To do – Would you retype the whole listing exactly, leaving its pictures out?

Data excerpt –

______________________________

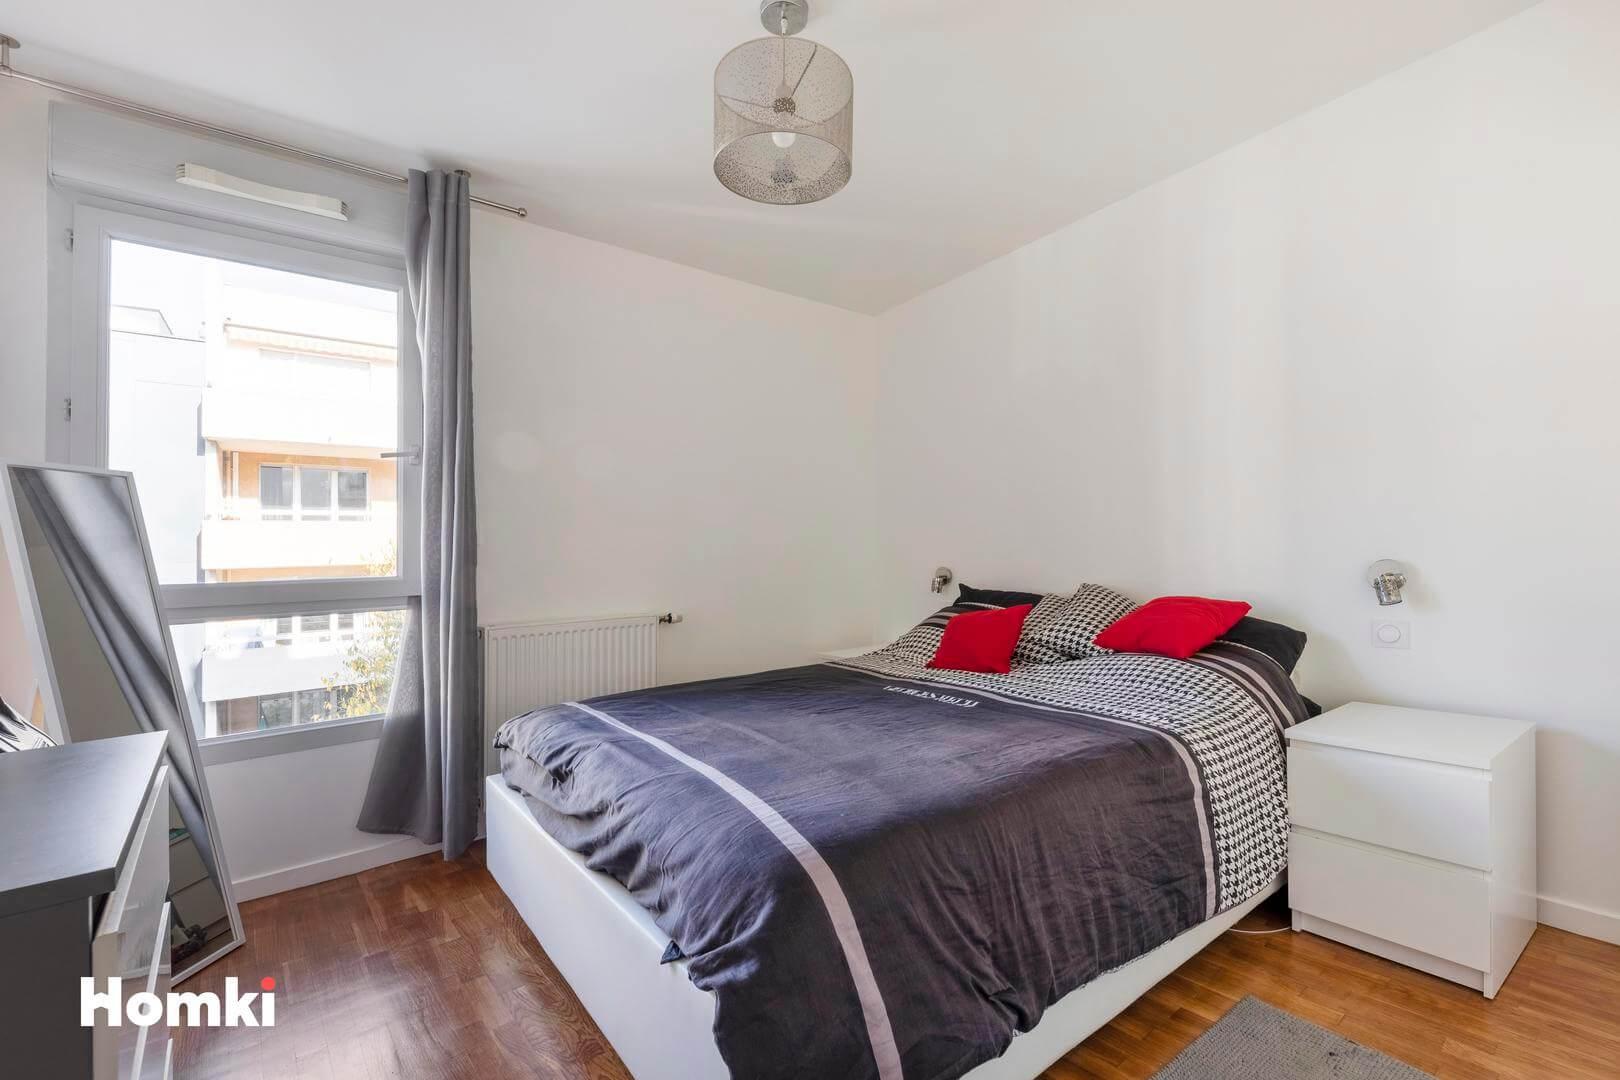 Homki - Vente Appartement  de 90.0 m² à Villeurbanne 69100
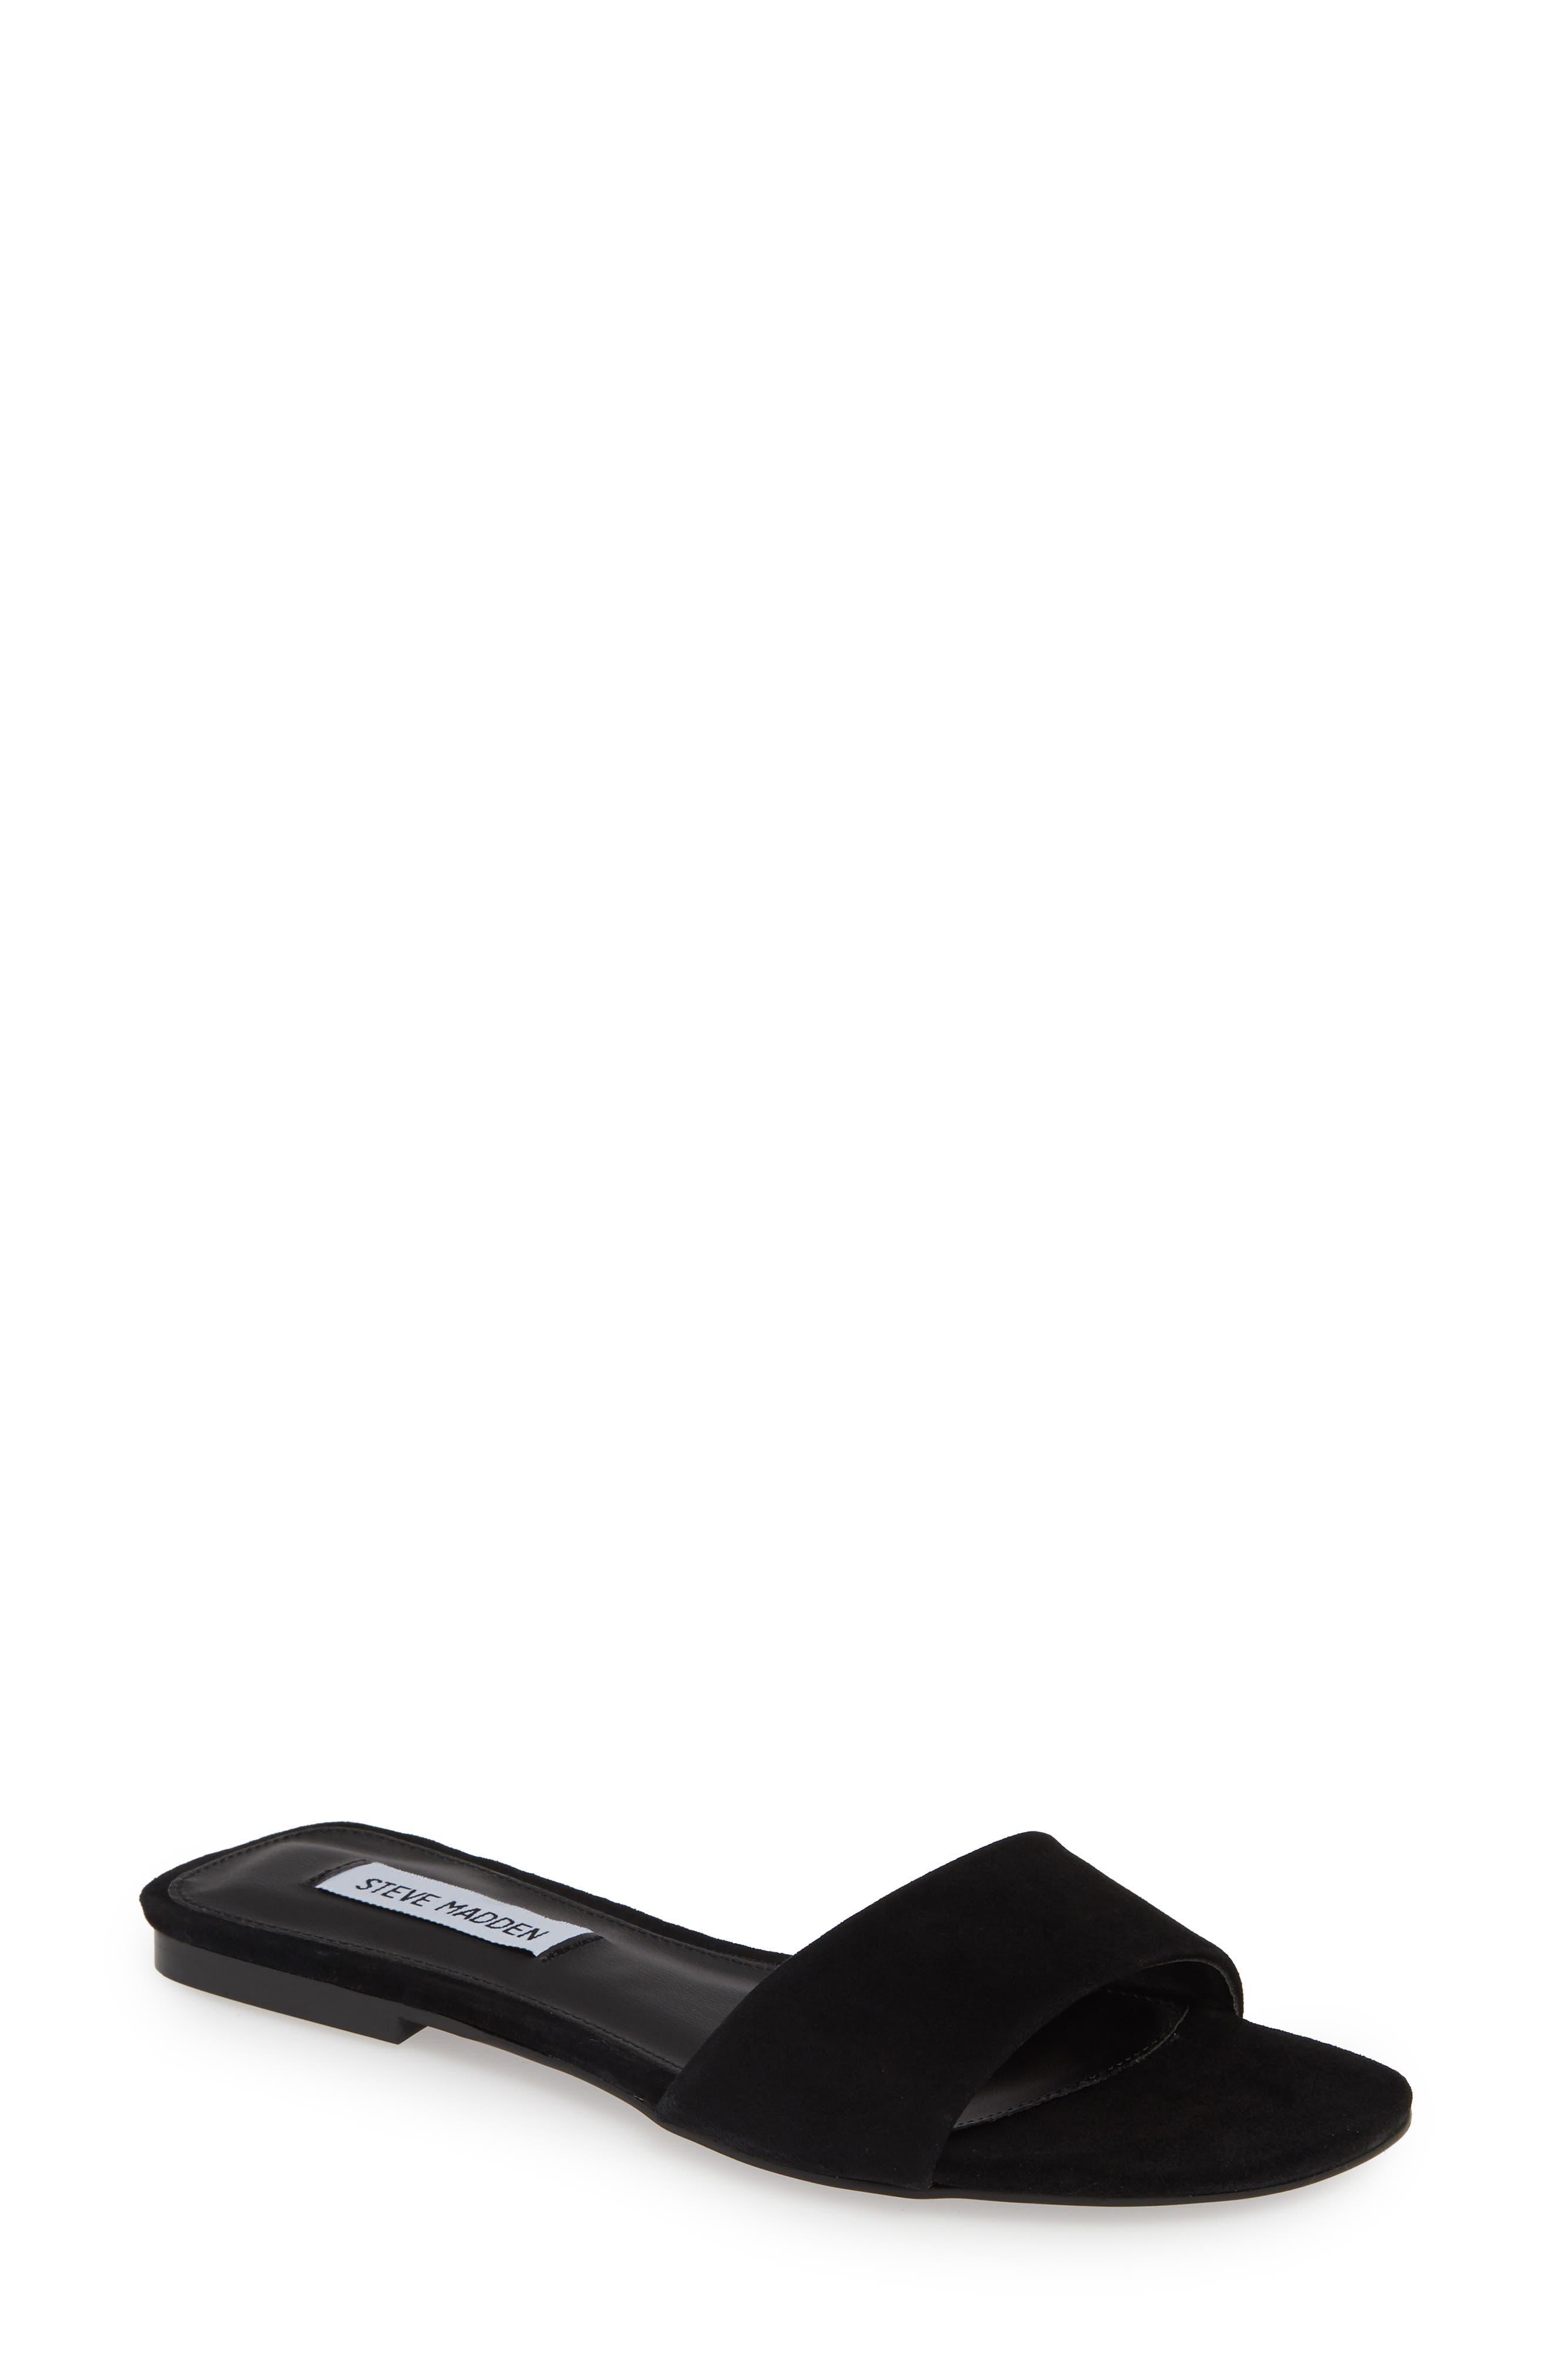 Steve Madden Bev Slide Sandal, Black
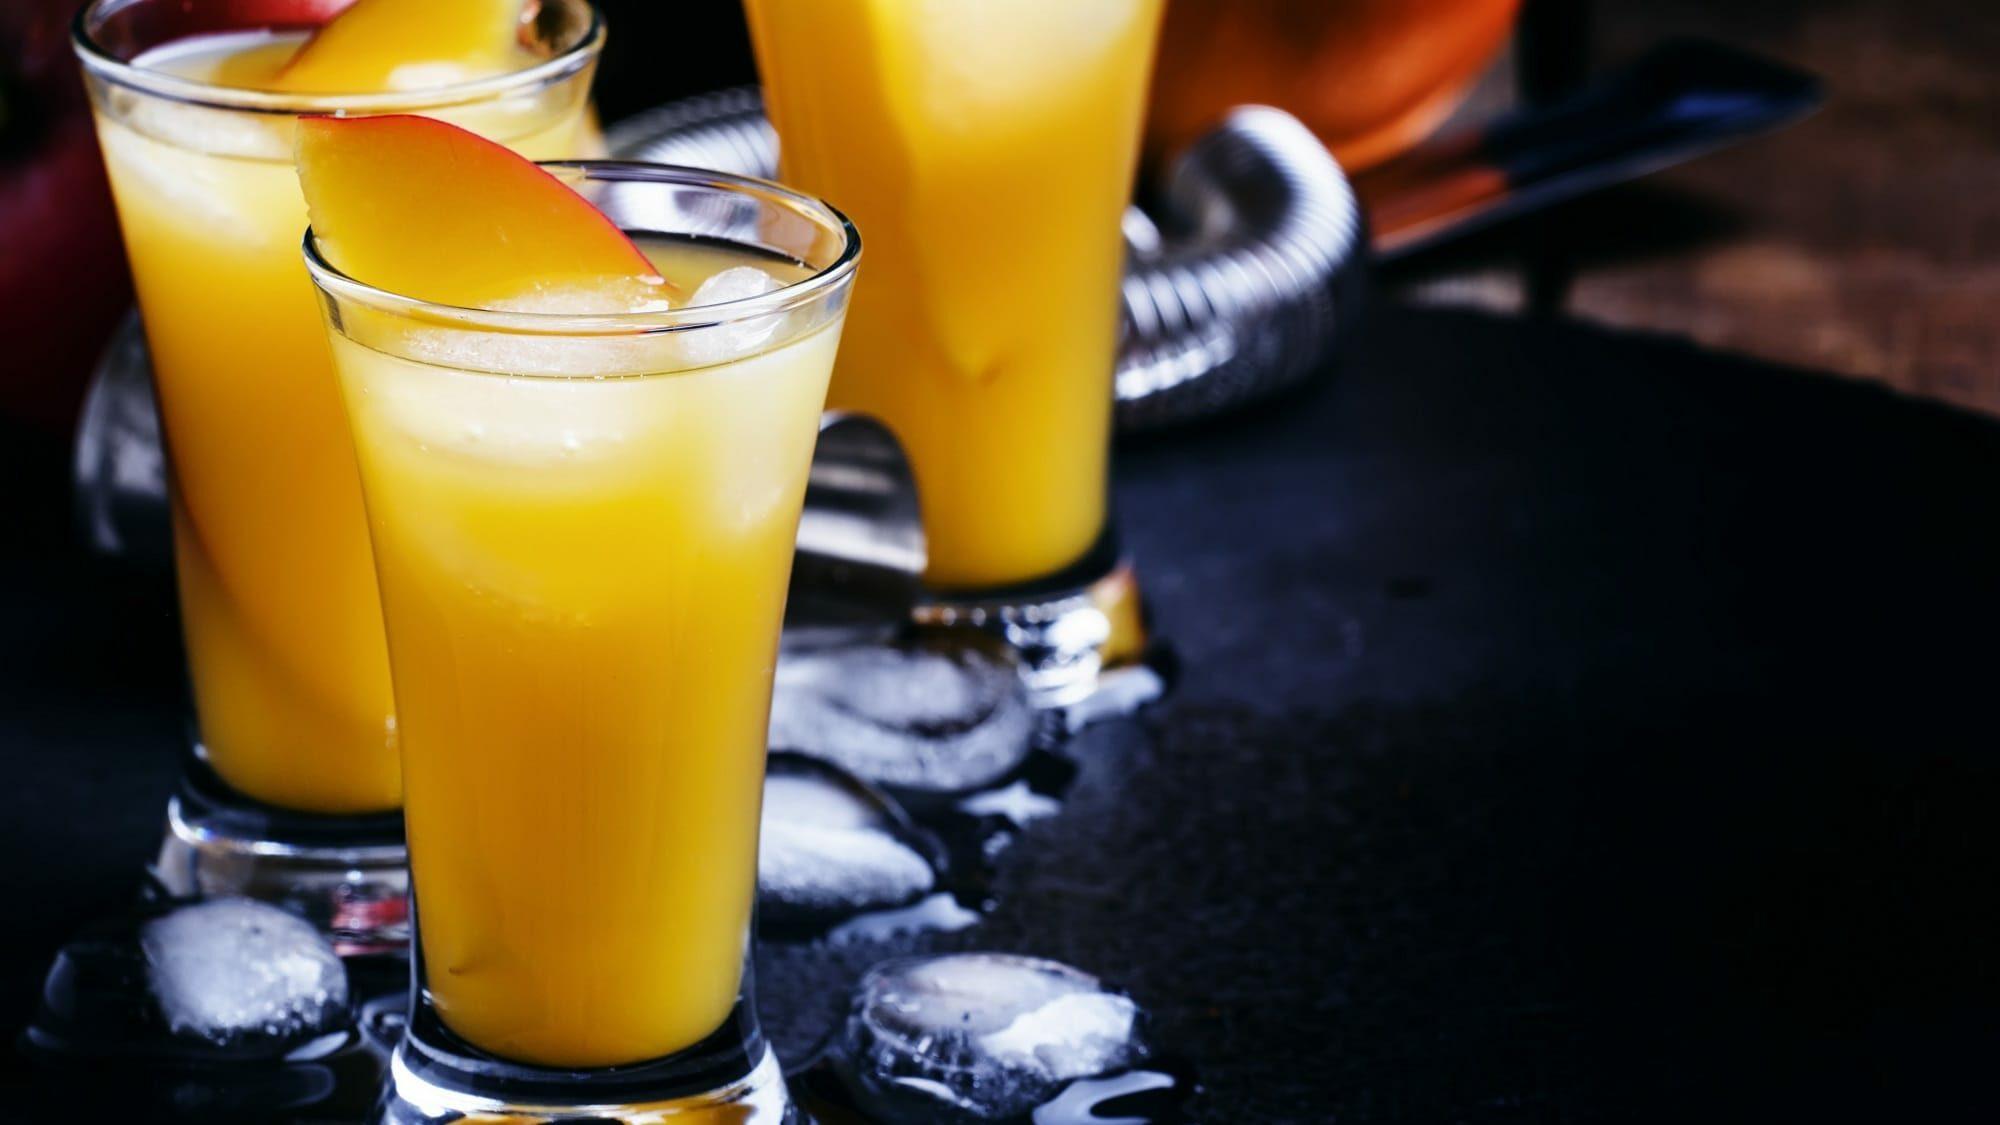 Solero-Drink

______________________________

Task output –
 Homki - Vente Appartement  de 90.0 m² à Villeurbanne 69100
 Steve Madden Bev Slide Sandal, Black
 Solero-Drink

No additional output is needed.